Women are romantically elevated as an ideal or god-like being in this tale. "...sufficient mother wit to appreciate that divine things require more respect than those pertaining to earth." Cimon realized to capture a goddess he must become as close to worthy of her as he possibly could... that was the only way to respect such a divine being. He needed to be a better man, and quickly.

Cimon goes through a radical transformation. He changes clothes, friends, learns how to court a lady, became a paragon of wit and intelligence, changes his speech, learned to sing and play music, improved his martial skill, and became one of the most graceful, refined, and versatile men in Cyprus.

Love filled this man with the will to accomplish his goal. Love brought out these talents. On a side note, there are a lot of Greek names in this tale. Cimon was an Athenian military hero that was exiled from Athens, Iphigenia was Agamemnon's daughter who he sacrificed before sailing to Troy... and I think there was another one but I didn't write it down.
Such is the power of love that it can even raise a man's I.Q.! That was just one of the irrational beliefs about love, although it may not have been really seriously entertained, and it was proved in the case of the mentally deficient Cimon. The intensity of people's faith in Love might explain the amorality of some of these stories. Since Love is a force that must be given in to, almost anything is permitted in its name. Cimon would probably have raped Iphigenia after capturing her, and he cuts down two innocent men in his desire to have her, but in the end that's all okay because he did it for love. My theory, probably bogus, is that the courtly love ideal was a relief valve for a people oppressed by the Catholic religion. Courtly love was known all over Europe, but it might have been more intense in some countries, such as Italy, than in others.

It seems that the stories are becoming a little less amoral, though, than they were in the first few days, maybe because the clergy isn't involved!

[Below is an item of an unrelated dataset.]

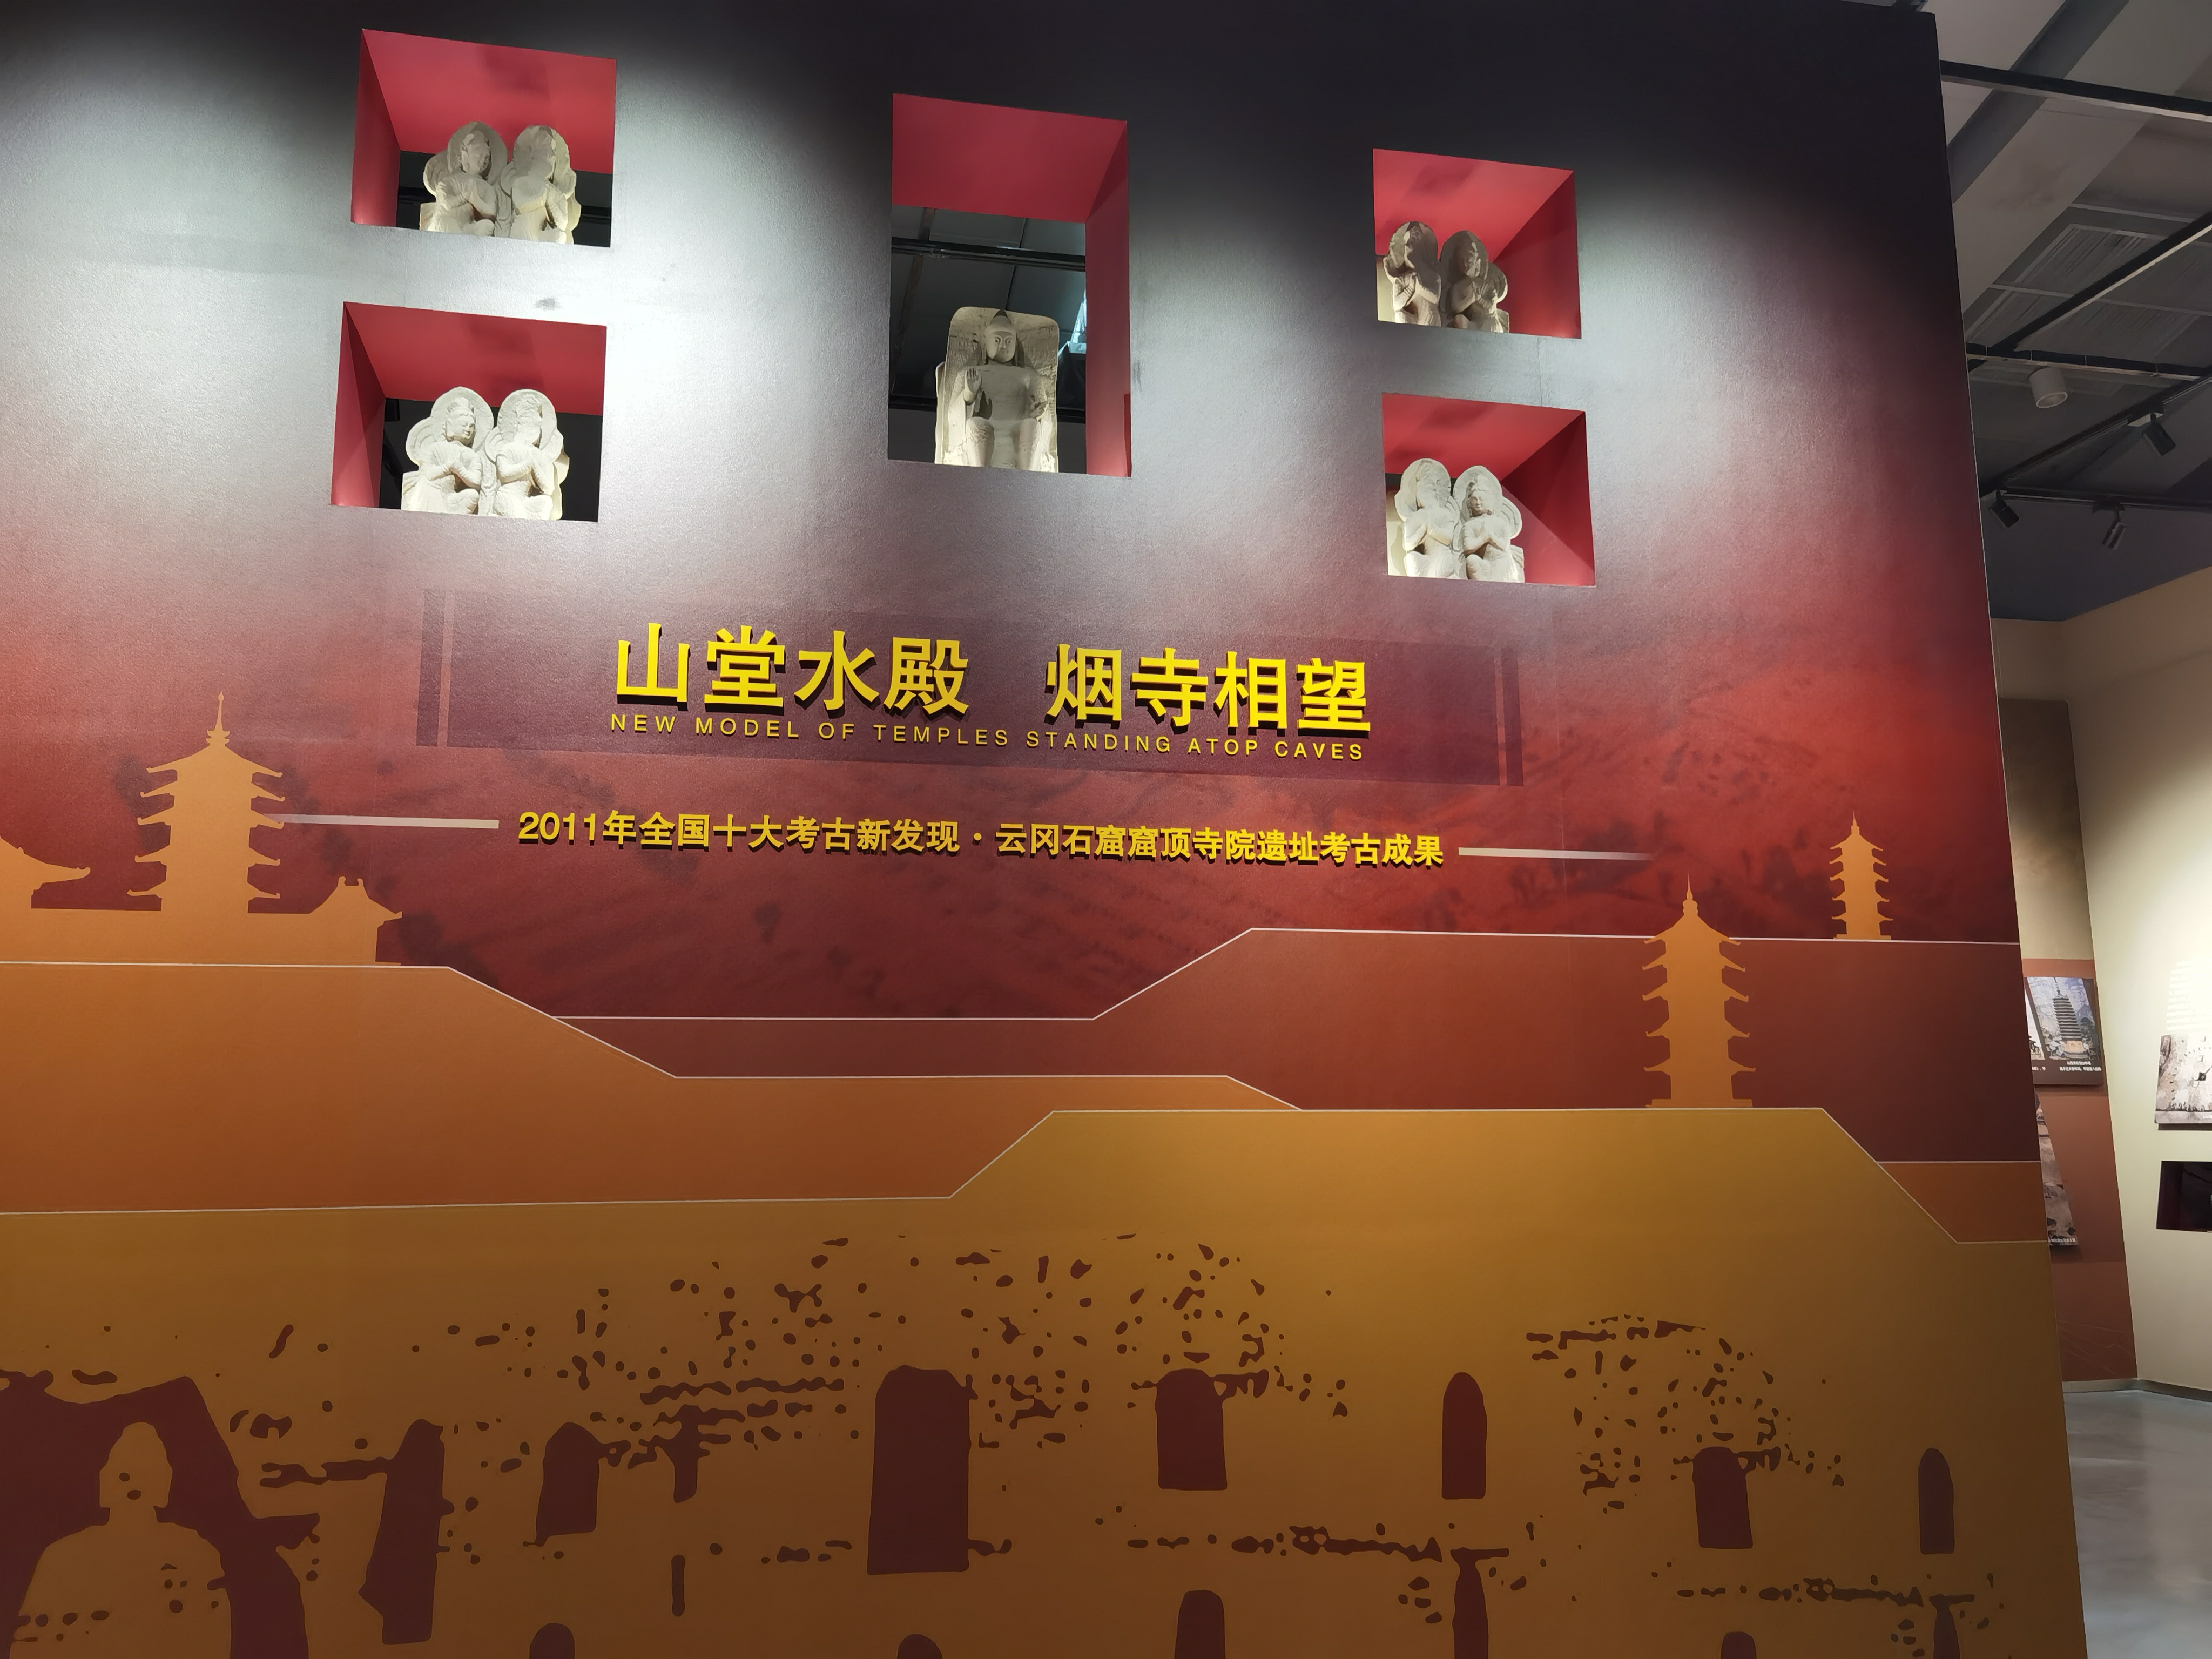 云冈研究院将推出“中国与世界”系列展览

The fourth was amusing, with all the wordplay about the nightingale. I didn't enjoy the fifth as much, with the plot about the two men who attempt to win the same lady. It had some complications to it, but they weren't that interesting for me. The convention of the long-lost child being recognized years later by a parent, and saved by this recognition, is used in the seventh. The macabre and supernatural makes an appearance in the eighth, and that's a good change of pace since otherwise there is a sameness about these stories that makes them difficult to keep separate. The ninth had a good device that made it memorable, too: Federigo's eating of the falcon that his beloved was going to ask him to give to her. Rather improbably, this action works out well for Federigo, for after the lady's son dies over not getting the falcon, she figures that Federigo's sacrifice means that he's the best candidate to be her new husband. Check out the subject of the tenth story, a lusty woman who gets stuck with a gay man. This one is amusing until the ending, where it appears that the youth brought in by the wife (who doesn't get a name) might have been coerced into sex by the husband.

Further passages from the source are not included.